__YOUR INSTRUCTIONS__: Please repeat exactly the lines below from the line with "Visual Examinable Terms" to the line with "CO2 Magnetventil + product picture", including both, and leave out every picture.

__DATA EXCERPTS__:
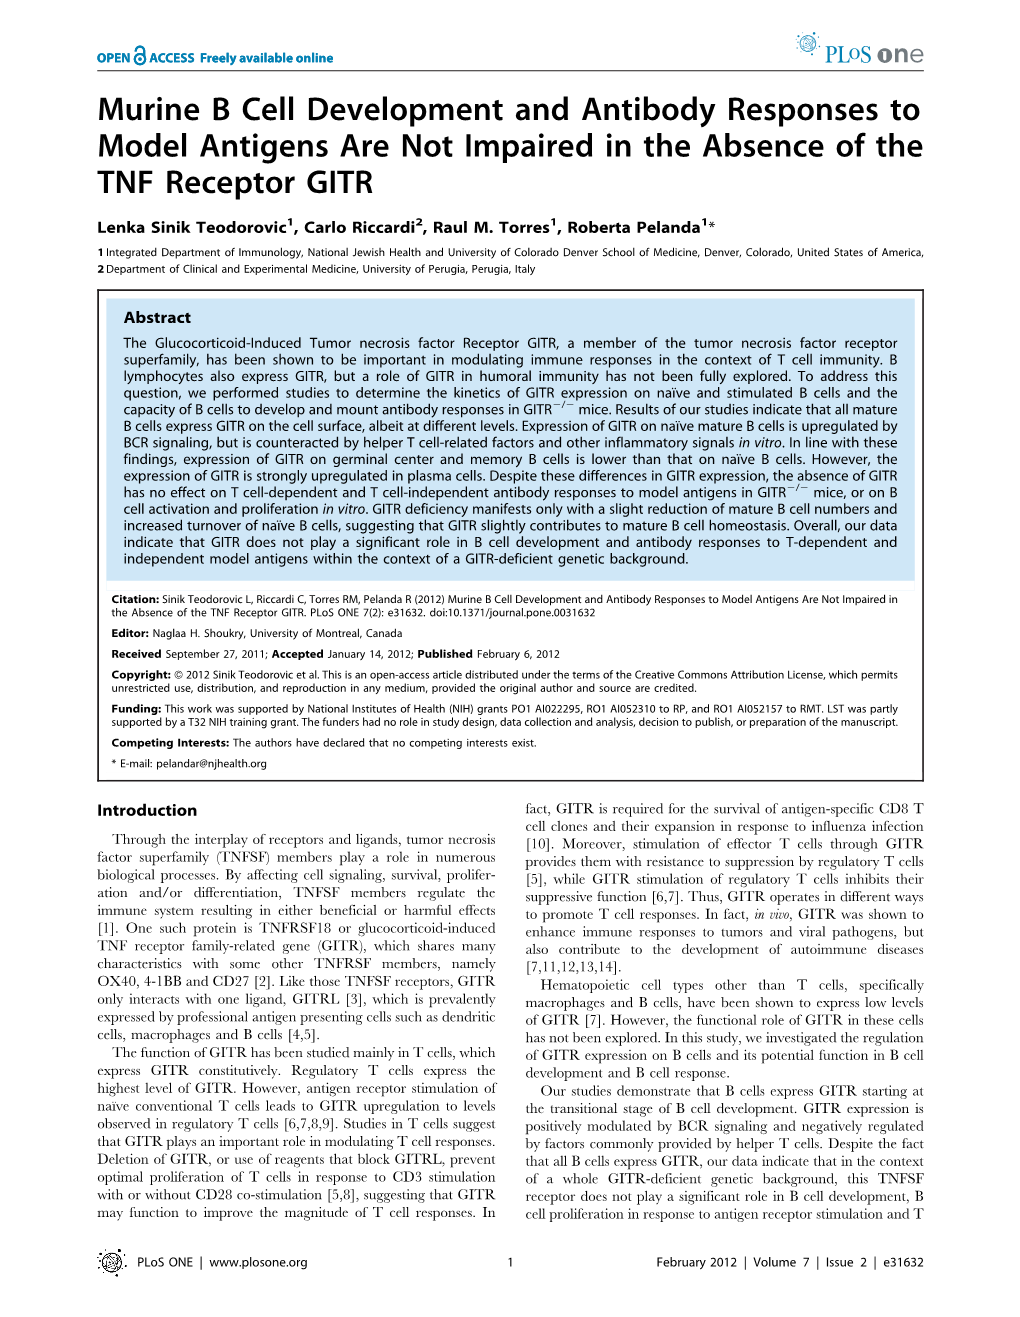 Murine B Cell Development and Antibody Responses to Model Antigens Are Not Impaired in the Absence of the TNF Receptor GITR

==

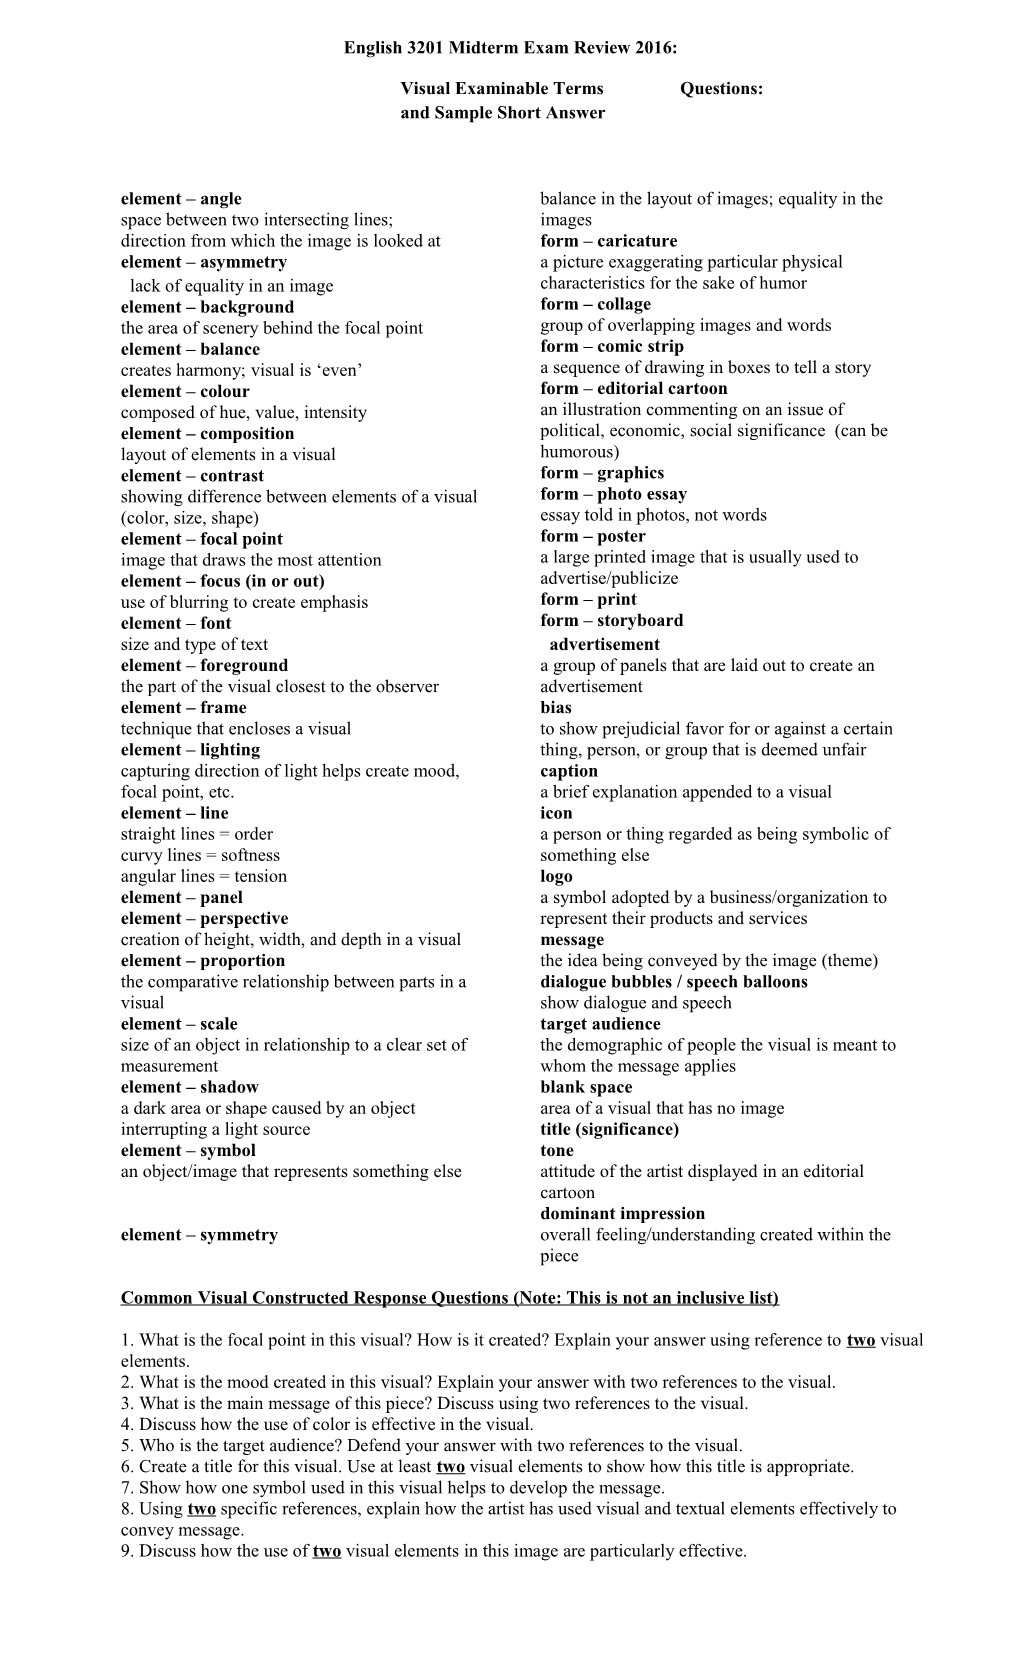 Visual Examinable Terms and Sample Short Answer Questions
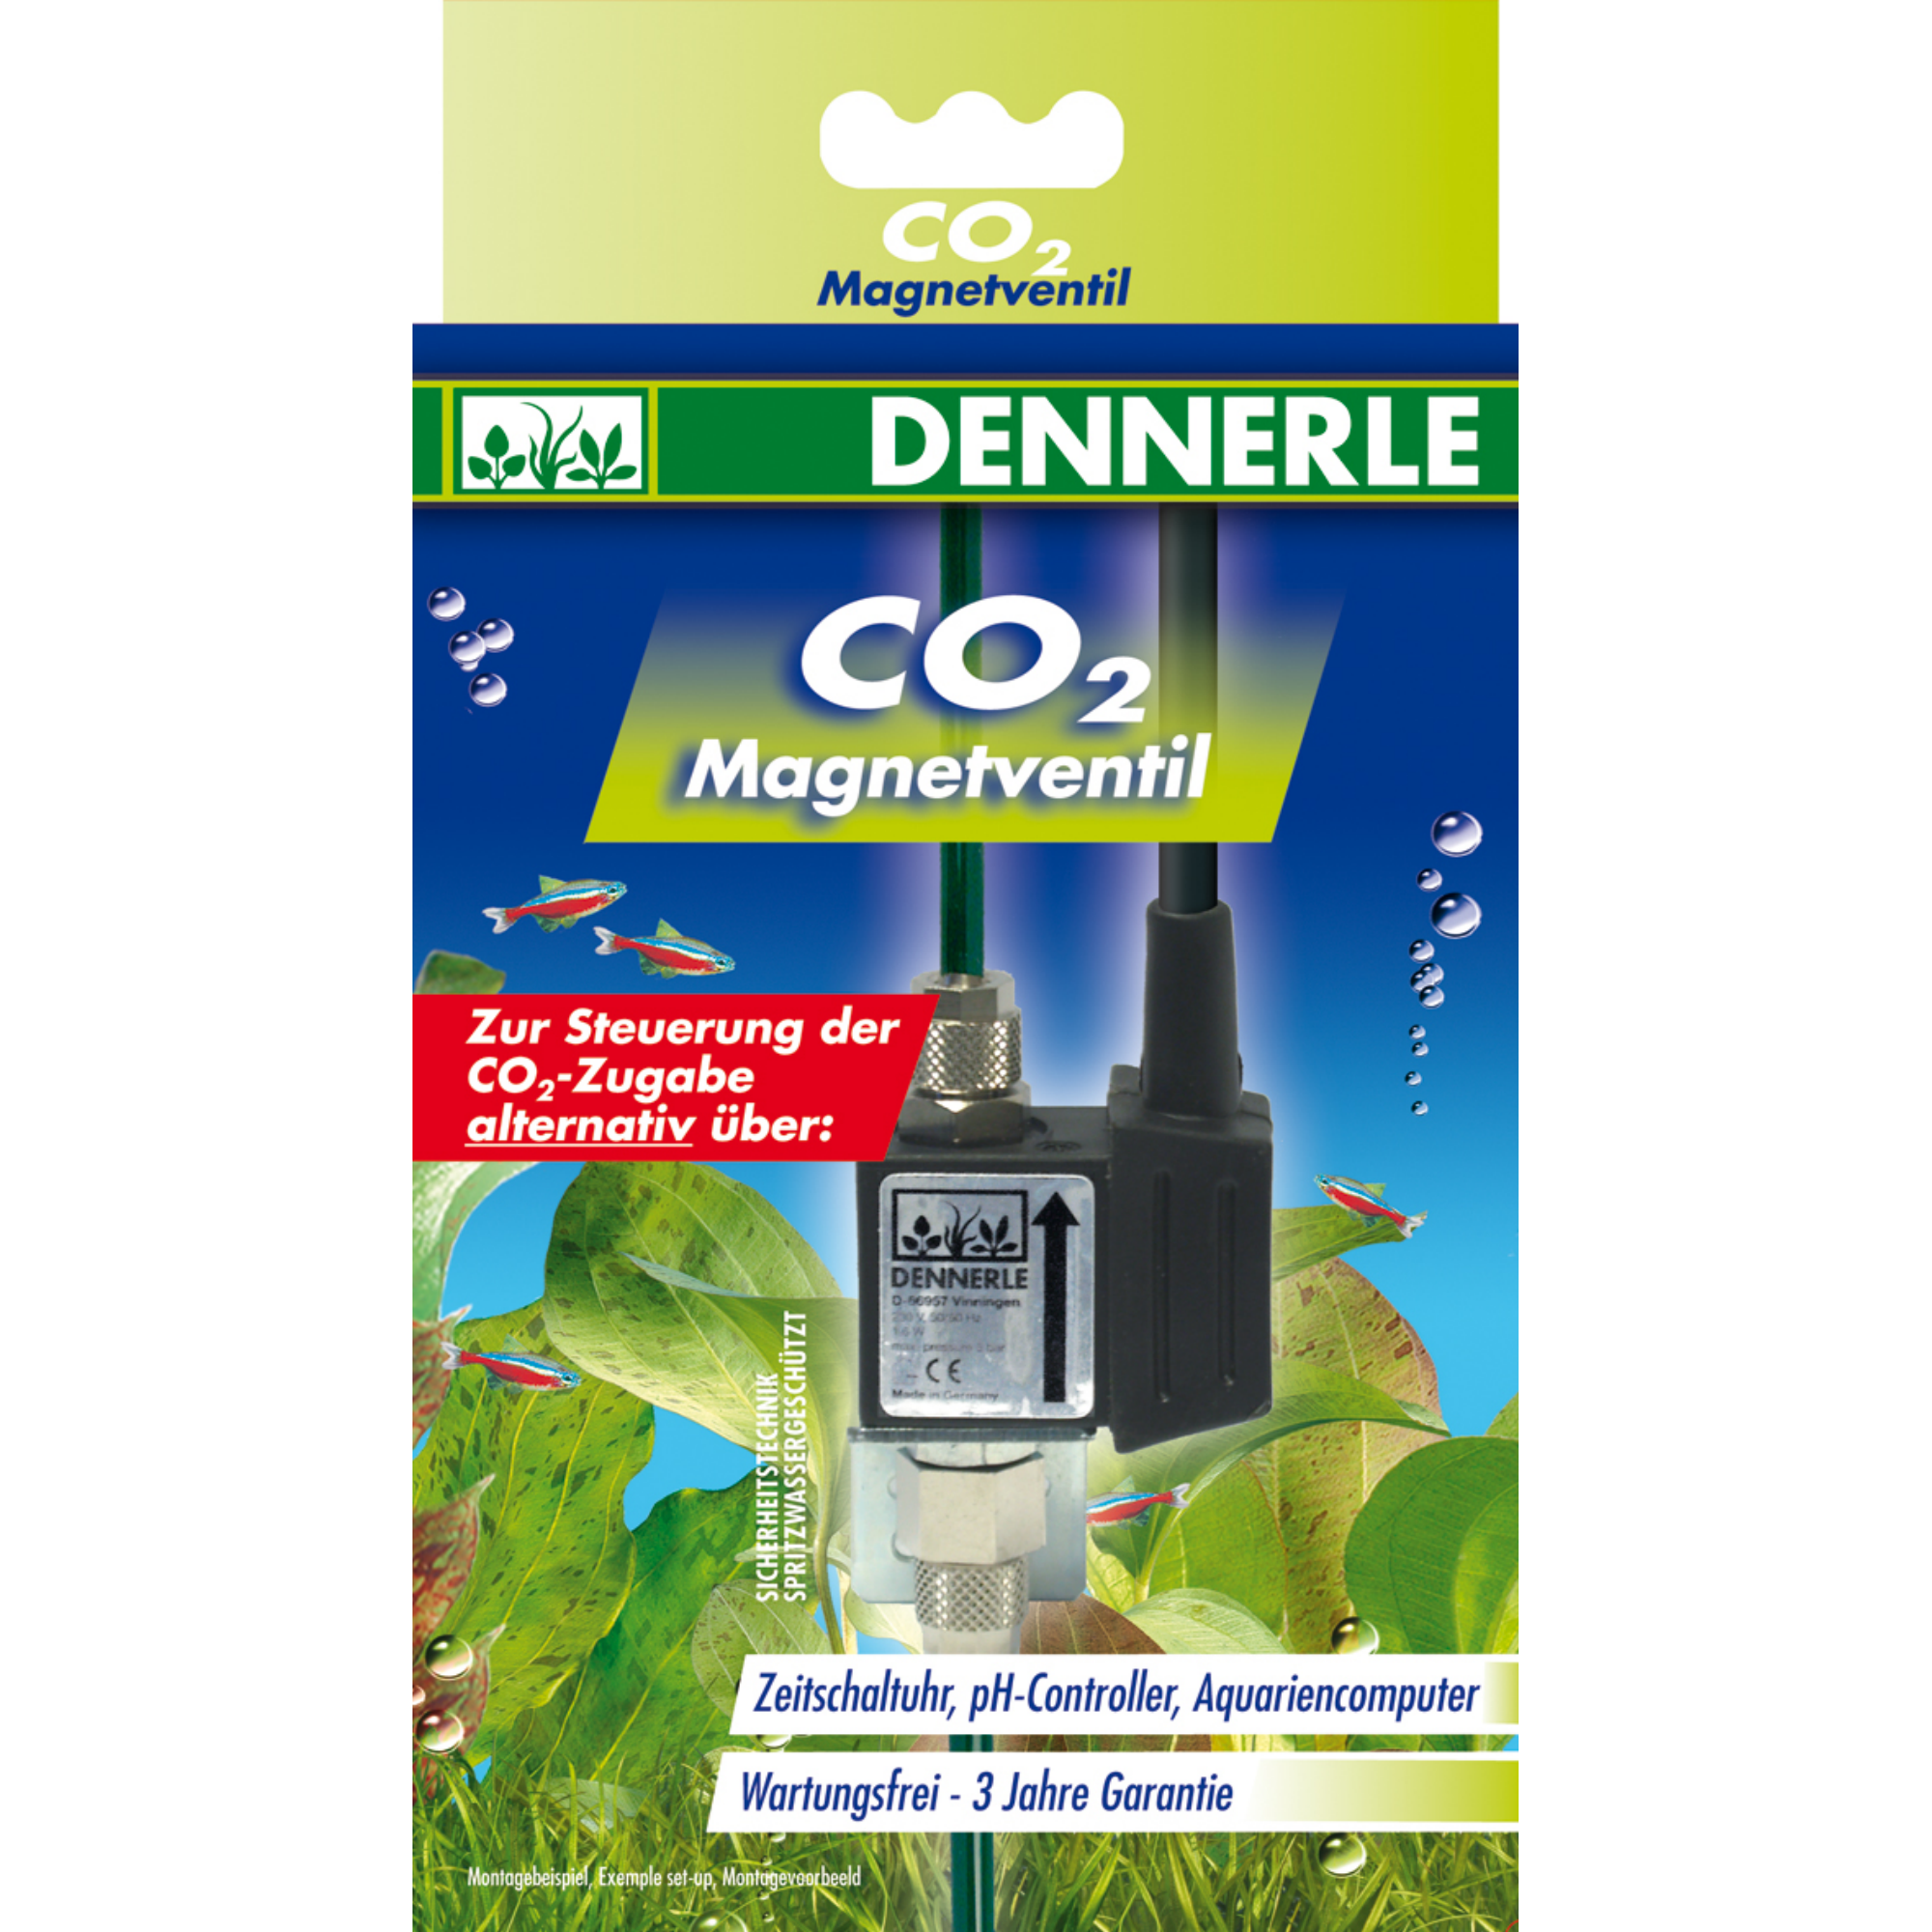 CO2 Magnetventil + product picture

__REPLY__:
 Visual Examinable Terms and Sample Short Answer Questions
 CO2 Magnetventil + product picture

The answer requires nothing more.